── RECORDS SHOWN ──

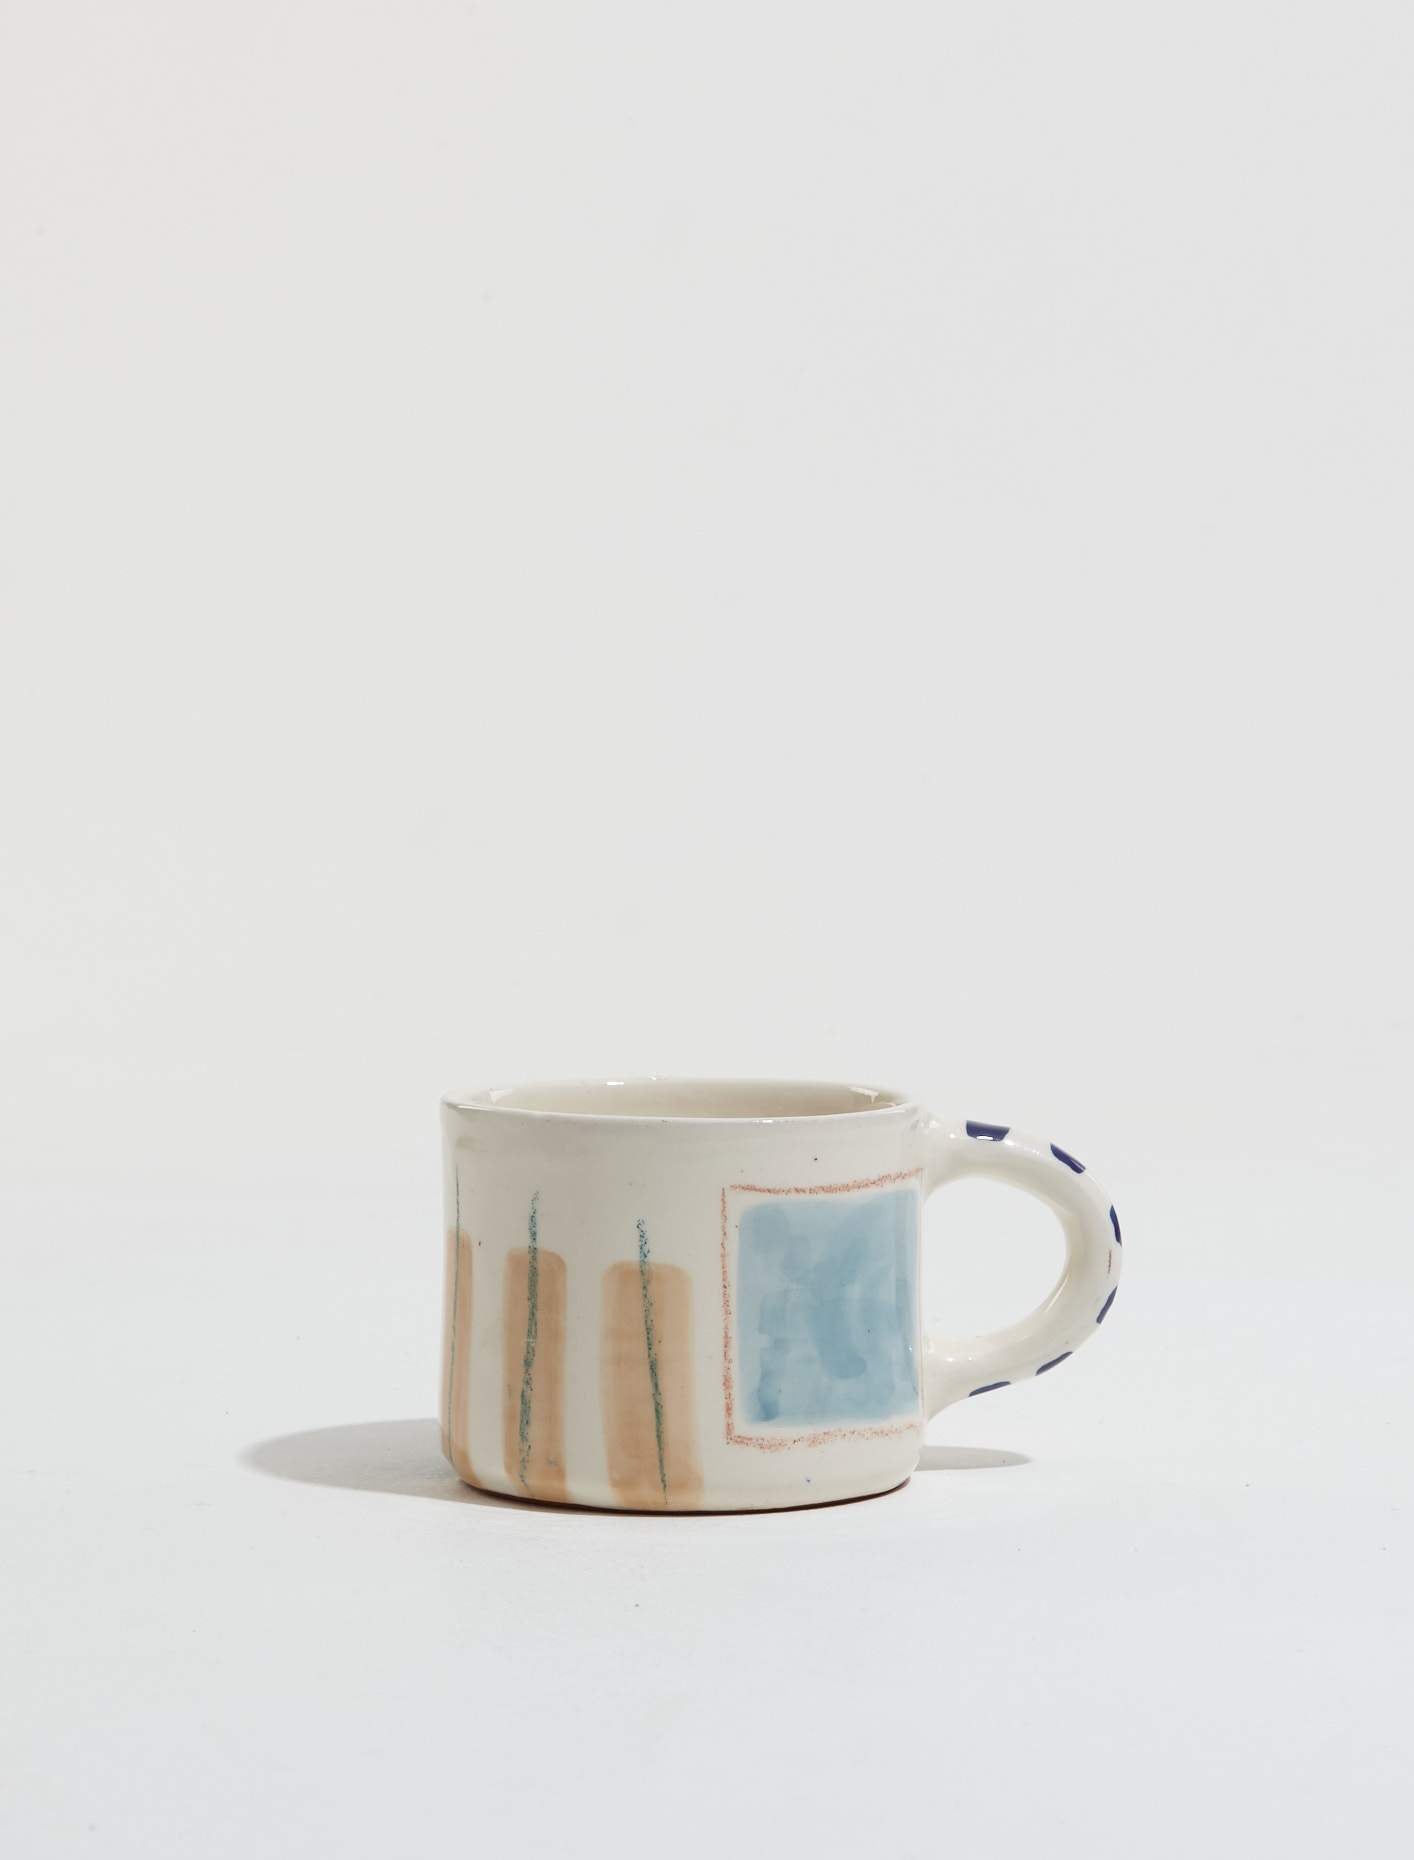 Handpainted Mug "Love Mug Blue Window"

───
── RECORDS SHOWN ──

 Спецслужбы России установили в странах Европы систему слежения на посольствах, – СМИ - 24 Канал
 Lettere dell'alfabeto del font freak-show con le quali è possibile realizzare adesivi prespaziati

───

# WHAT THE TASK ASKS
All that is wanted is the stretch of lines above from the one containing "Спецслужбы России установили" through the one containing "Lettere dell'alfabeto del", duplicated exactly.

# YOUR RESPONSE
 Спецслужбы России установили в странах Европы систему слежения на посольствах, – СМИ - 24 Канал
 Lettere dell'alfabeto del font freak-show con le quali è possibile realizzare adesivi prespaziati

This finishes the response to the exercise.